> _What to produce_: The output should be every line below, retyped exactly, with no images.

> _Data below_:
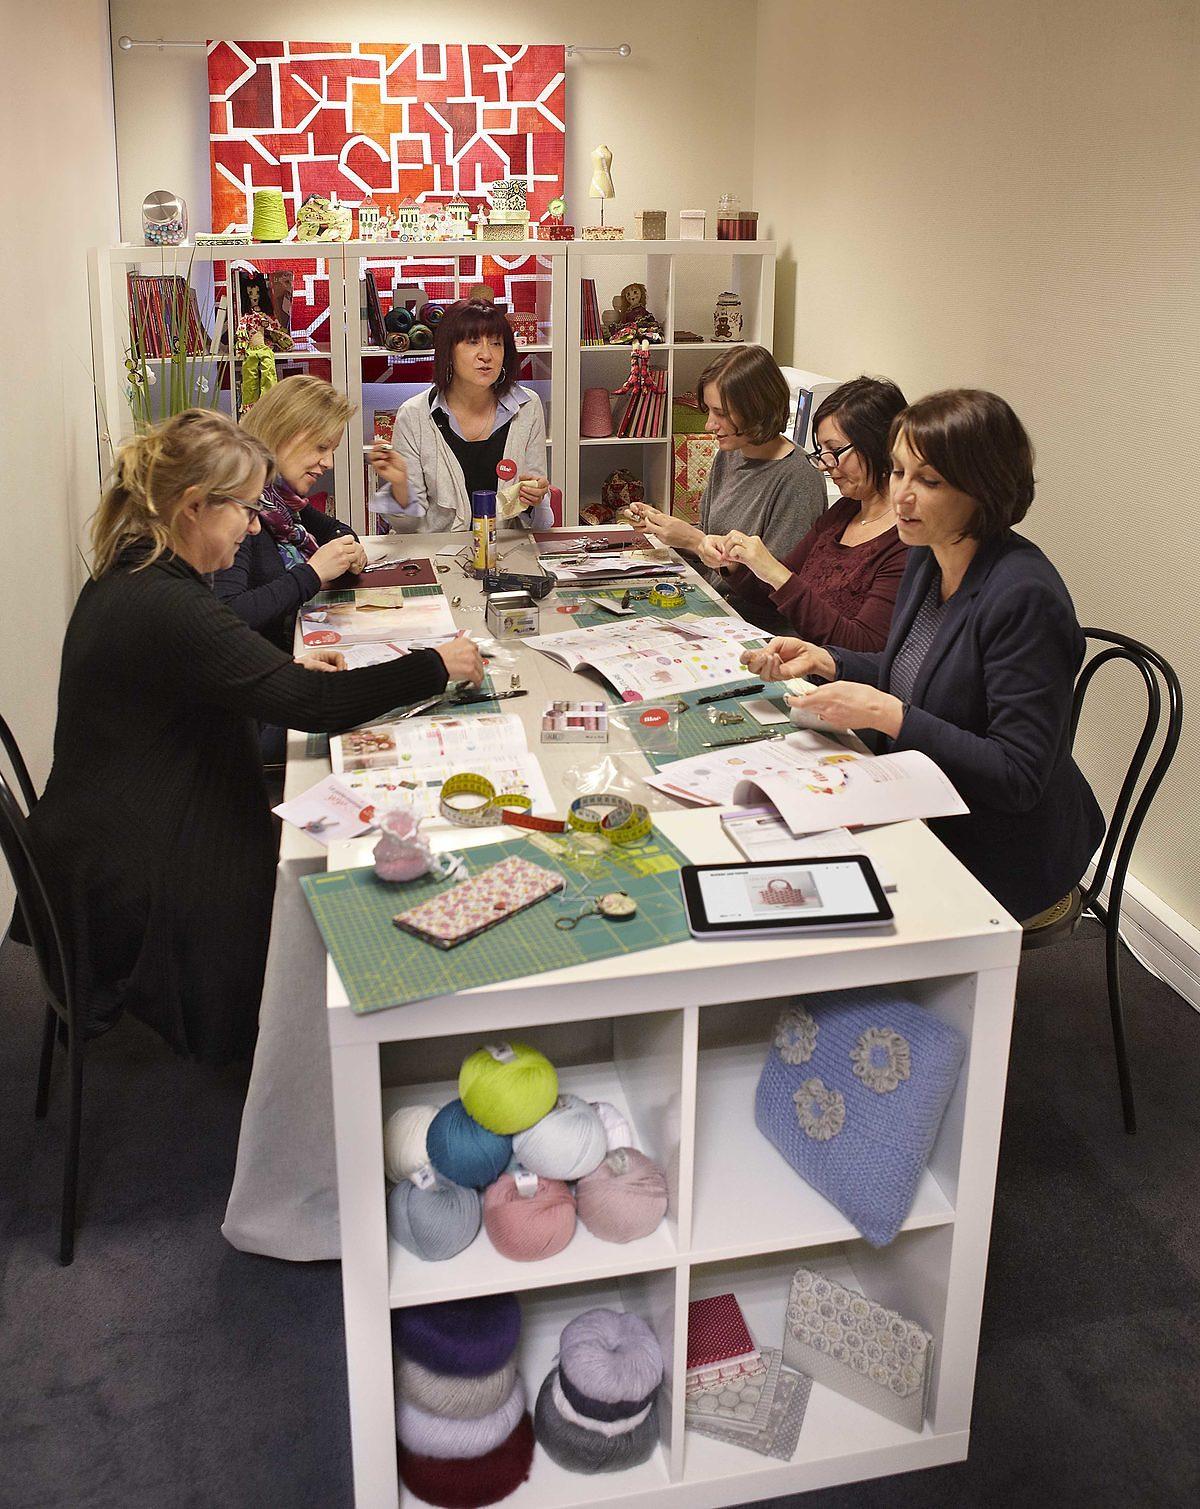 ateliers créatifs en France
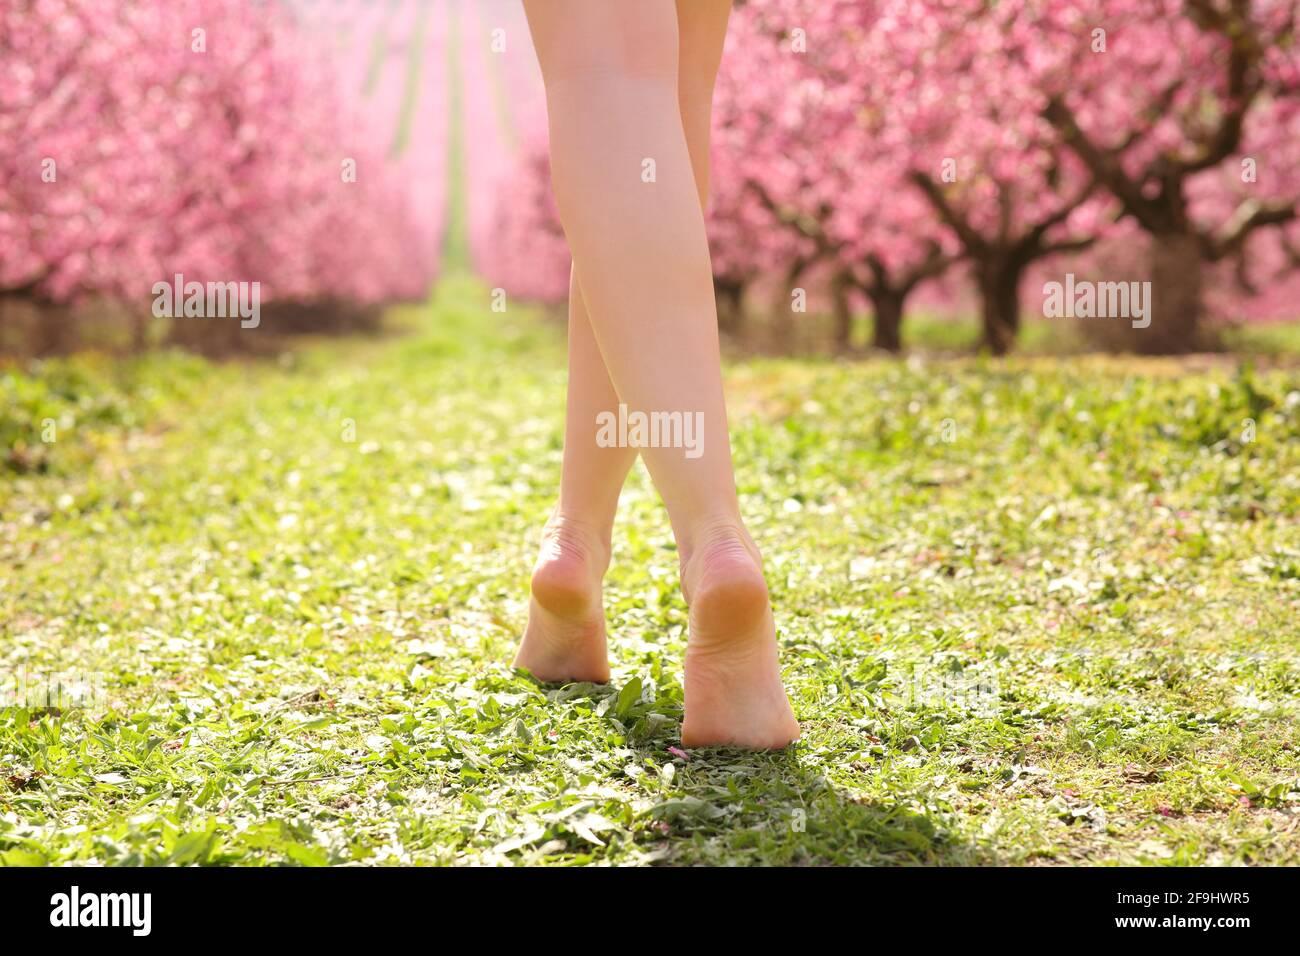 Vue arrière portrait d'une belle femme pieds cirés marchant sur un terrain à fleurs roses au printemps Banque D'Images
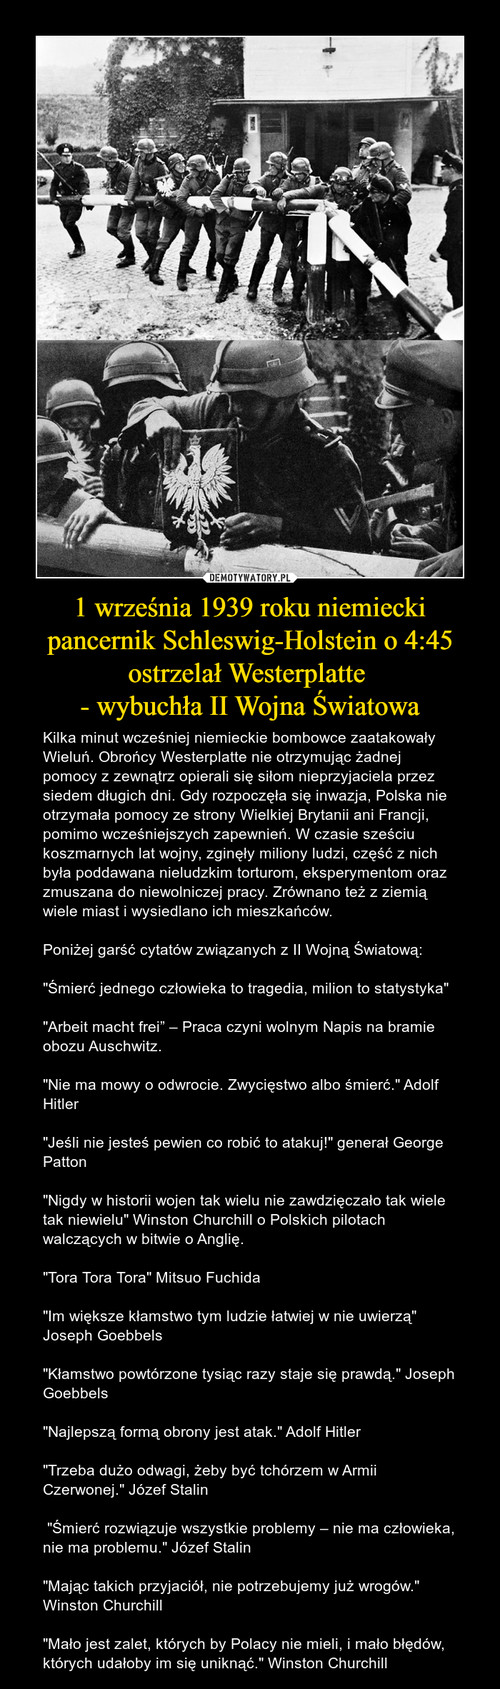 1 września 1939 roku niemiecki pancernik Schleswig-Holstein o 4:45 ostrzelał Westerplatte  - wybuchła II Wojna Światowa

> _Exercise answer_:
 ateliers créatifs en France
 Vue arrière portrait d'une belle femme pieds cirés marchant sur un terrain à fleurs roses au printemps Banque D'Images
 1 września 1939 roku niemiecki pancernik Schleswig-Holstein o 4:45 ostrzelał Westerplatte  - wybuchła II Wojna Światowa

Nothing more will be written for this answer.